*YOUR OBJECTIVE:* With the exception of the pictures, transcribe the entire listing exactly.

*SUPPLIED DATA:*
———

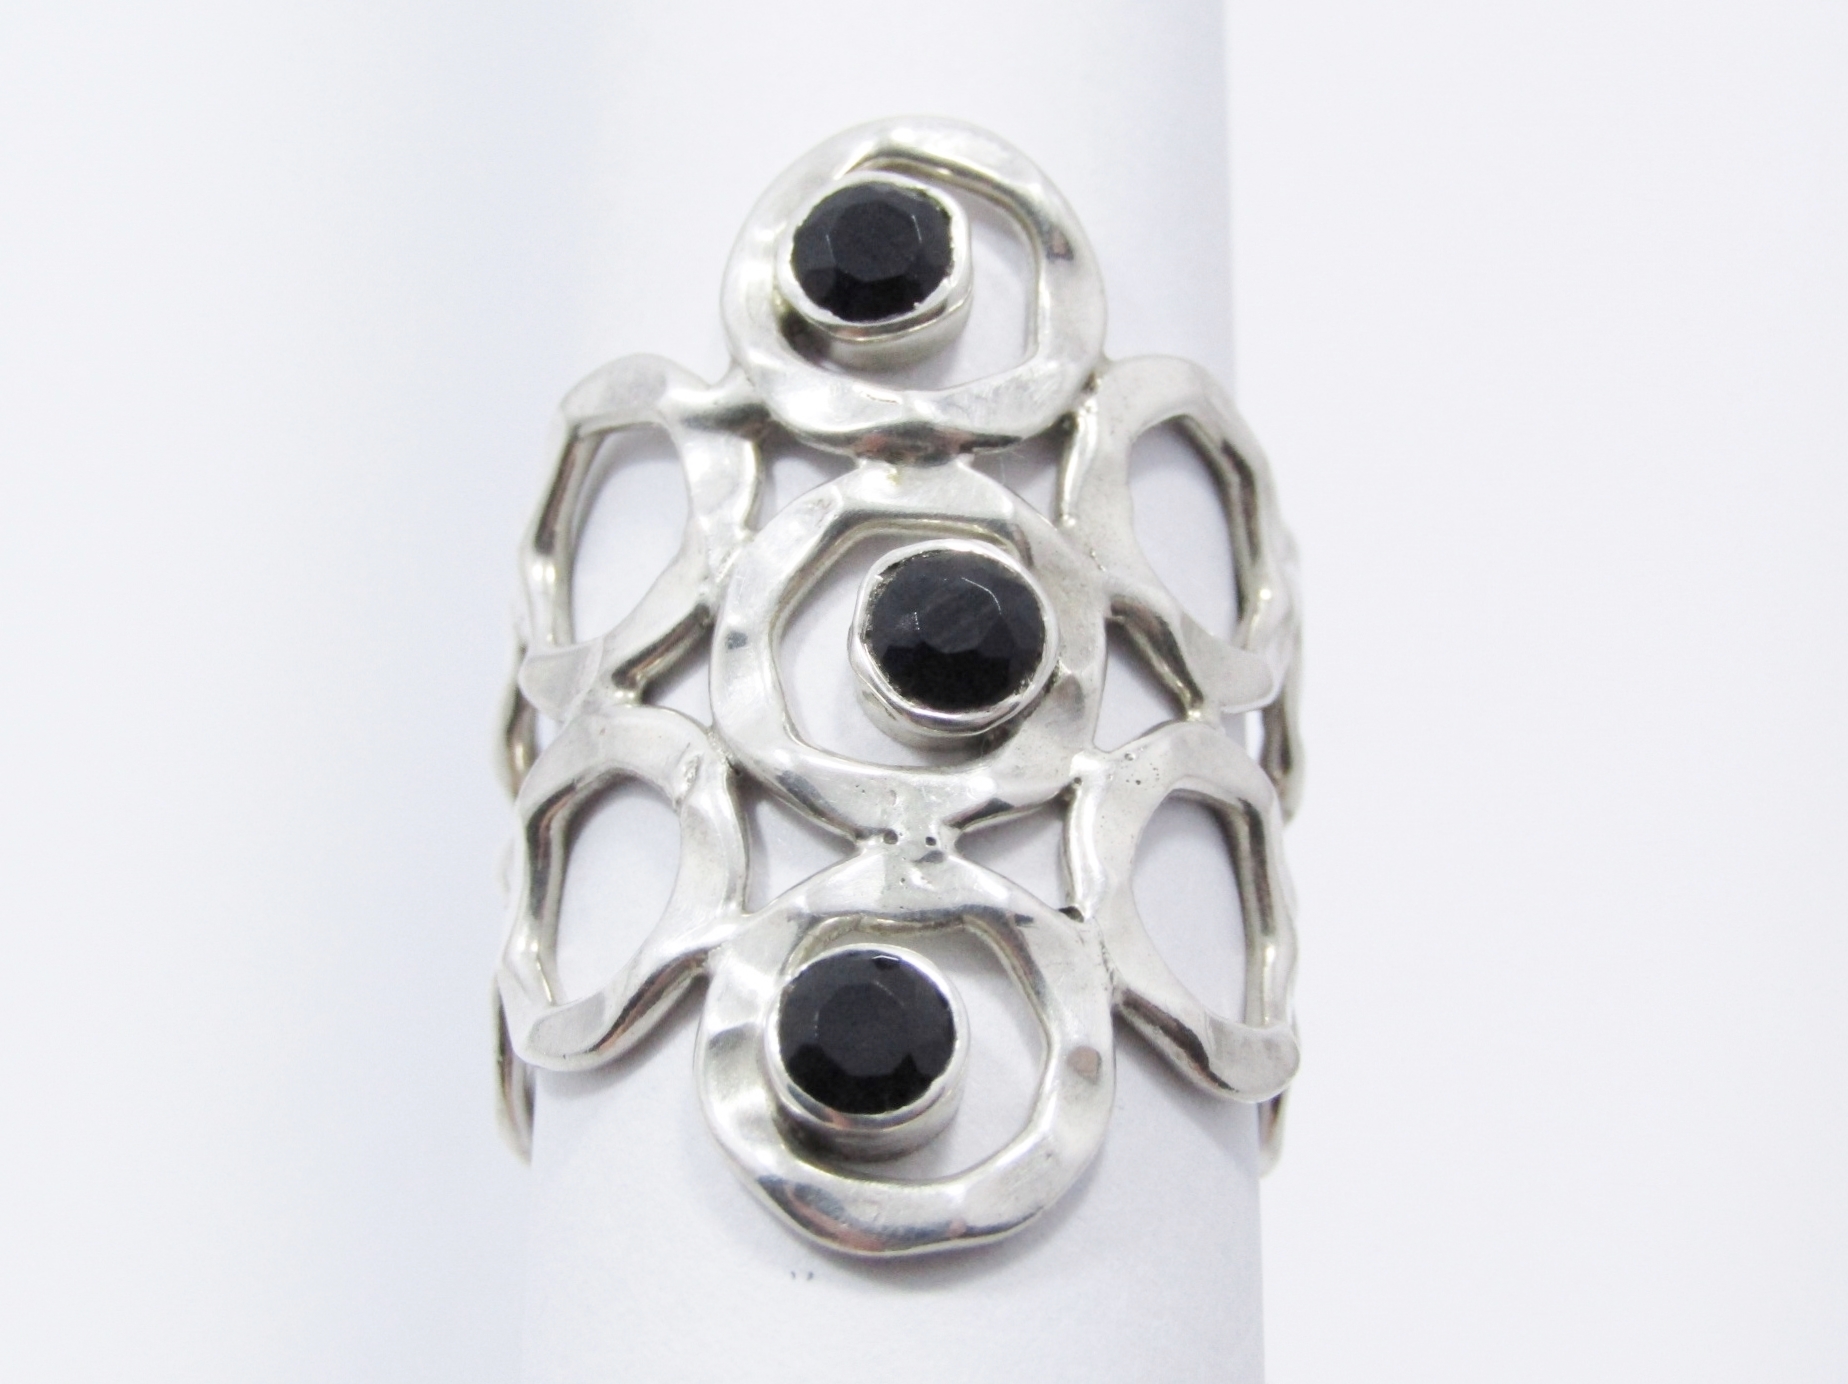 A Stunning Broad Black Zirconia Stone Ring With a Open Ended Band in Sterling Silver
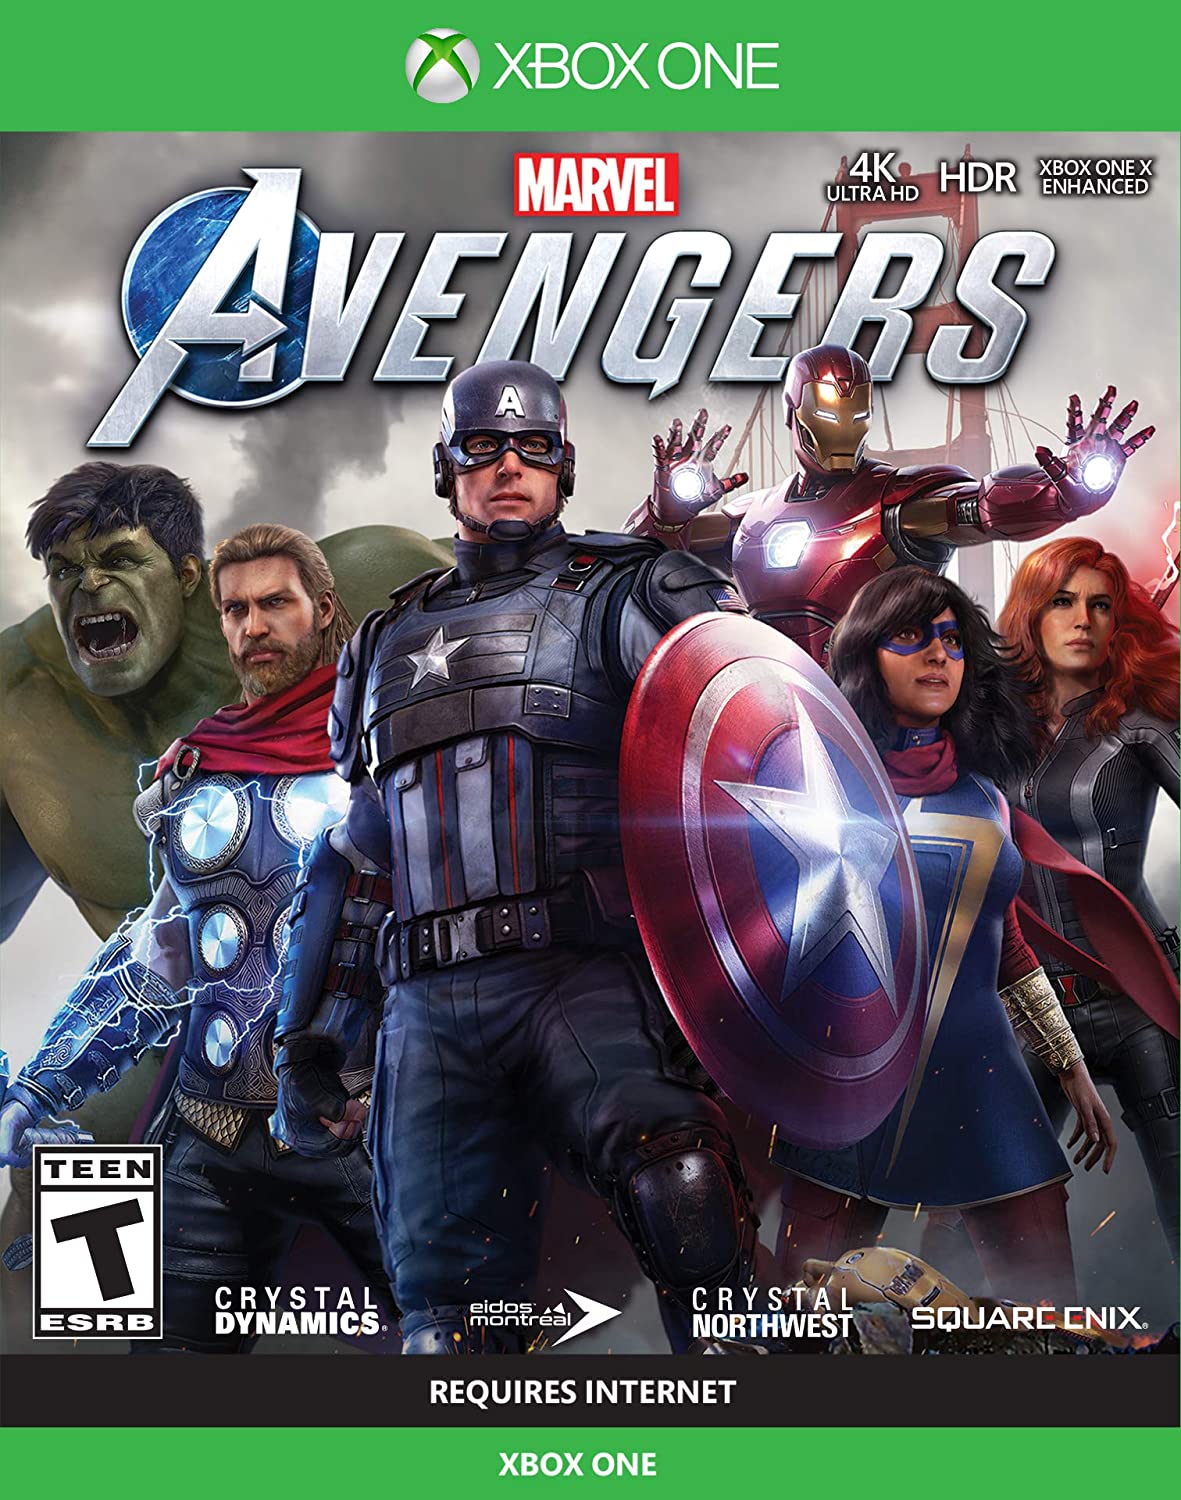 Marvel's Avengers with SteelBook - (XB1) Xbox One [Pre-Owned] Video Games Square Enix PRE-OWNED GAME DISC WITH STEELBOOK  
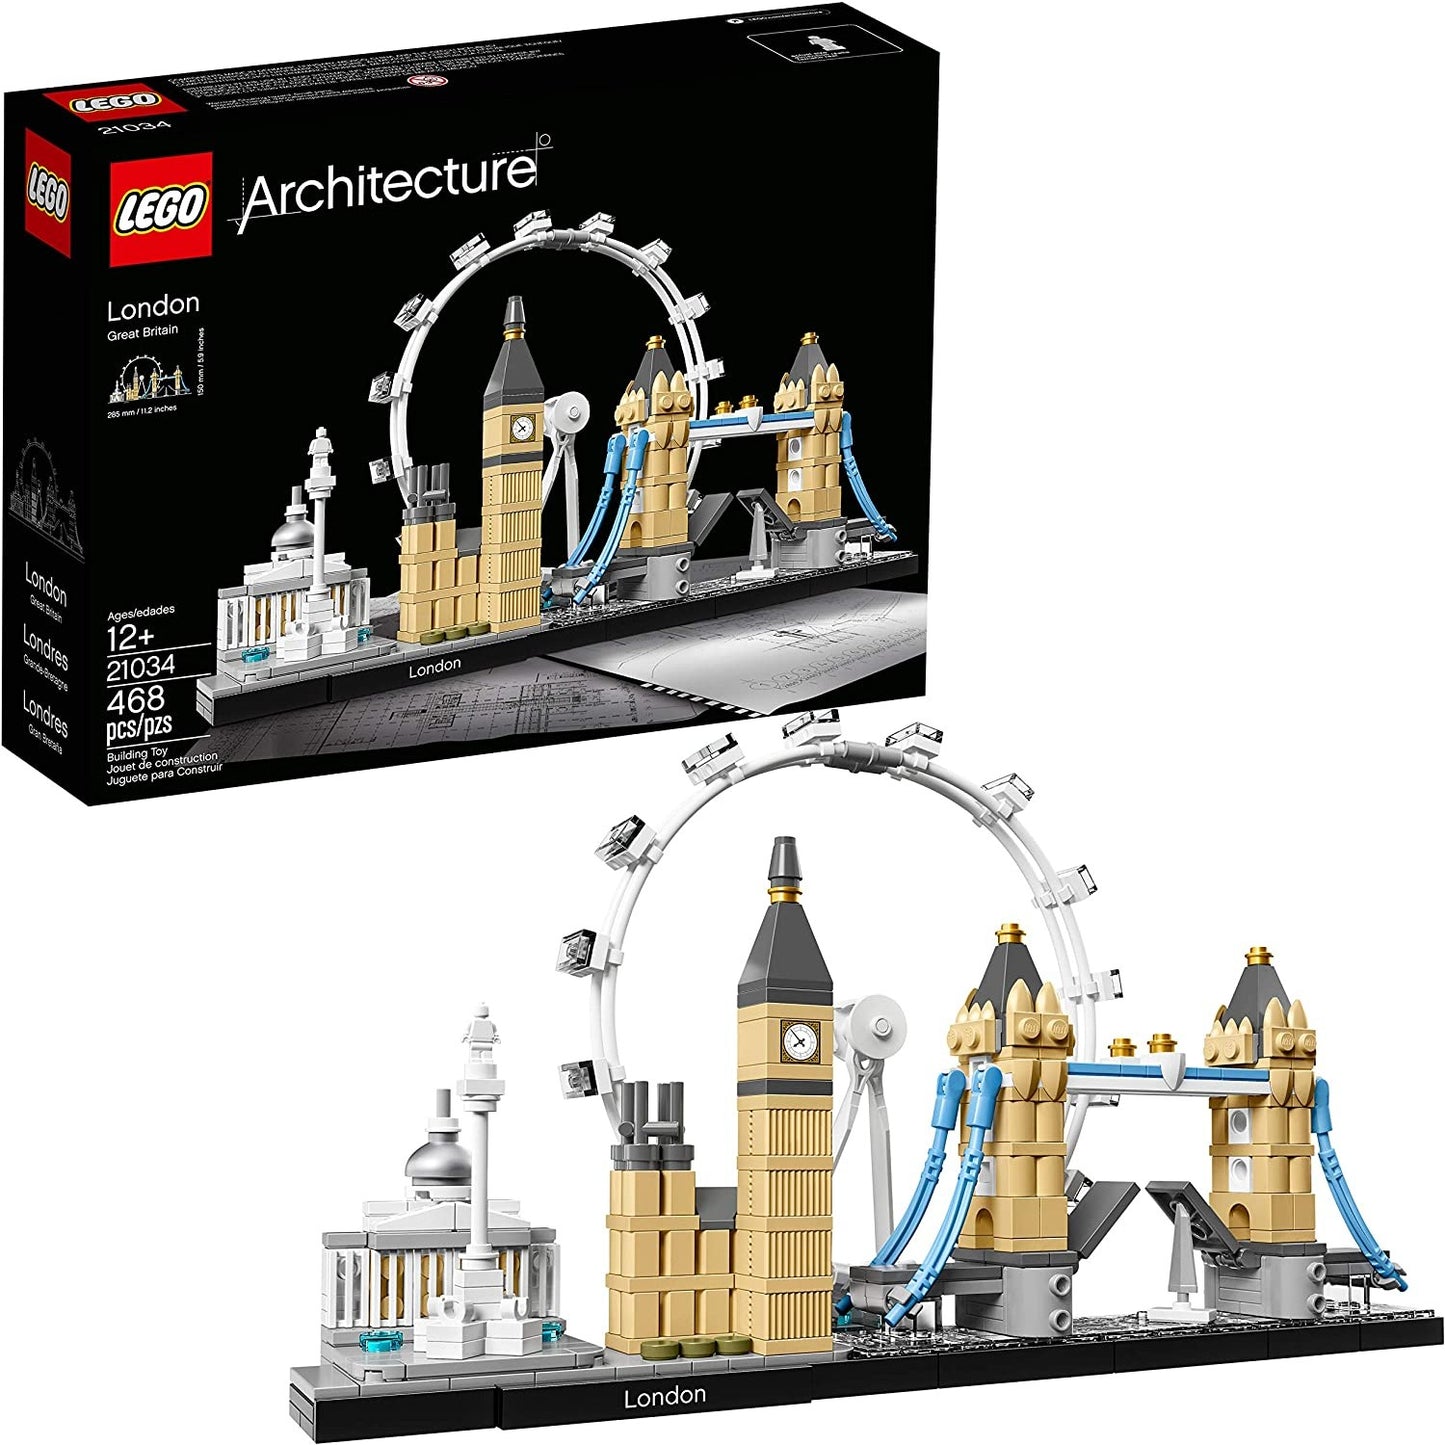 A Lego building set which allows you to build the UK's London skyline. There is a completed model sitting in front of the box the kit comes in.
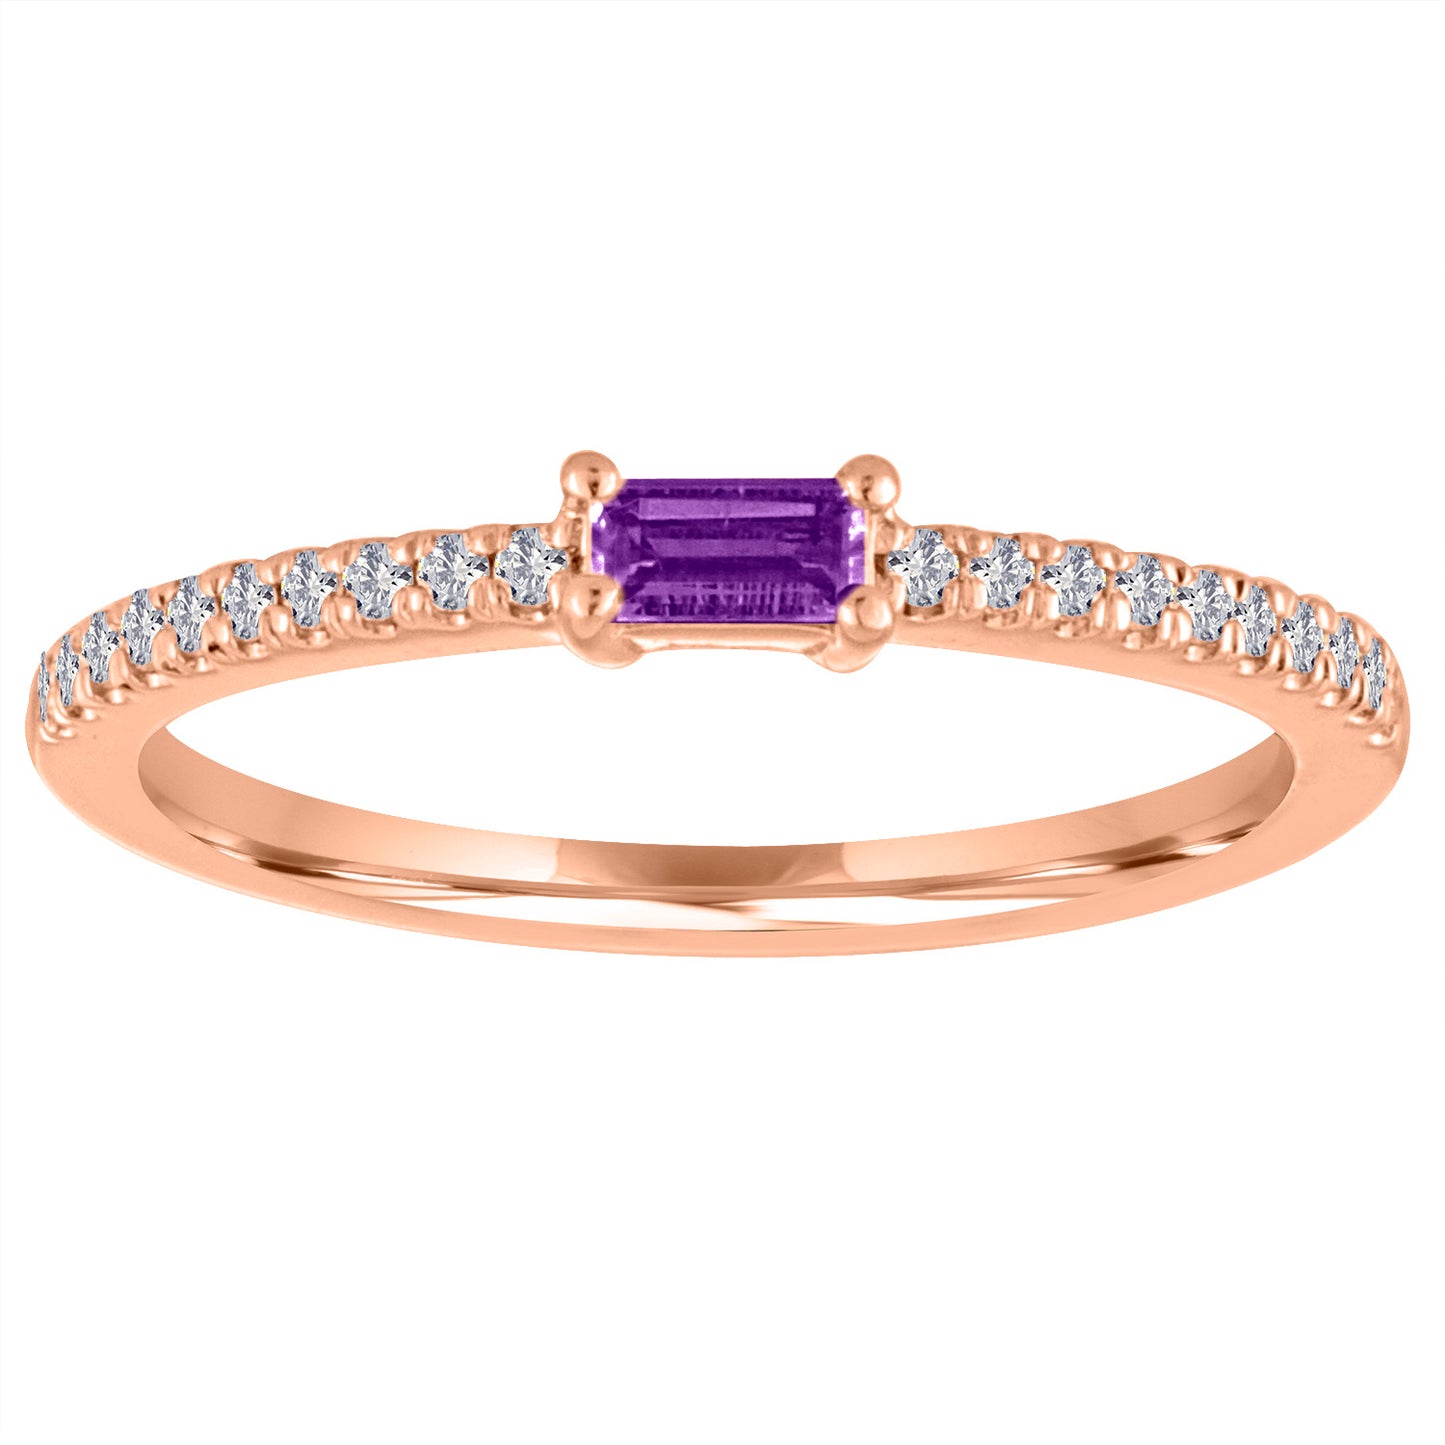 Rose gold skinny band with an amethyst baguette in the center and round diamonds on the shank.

———

*TASK SOLUTION:*
 A Stunning Broad Black Zirconia Stone Ring With a Open Ended Band in Sterling Silver
 Marvel's Avengers with SteelBook - (XB1) Xbox One [Pre-Owned] Video Games Square Enix PRE-OWNED GAME DISC WITH STEELBOOK  
 A Lego building set which allows you to build the UK's London skyline. There is a completed model sitting in front of the box the kit comes in.
 Rose gold skinny band with an amethyst baguette in the center and round diamonds on the shank.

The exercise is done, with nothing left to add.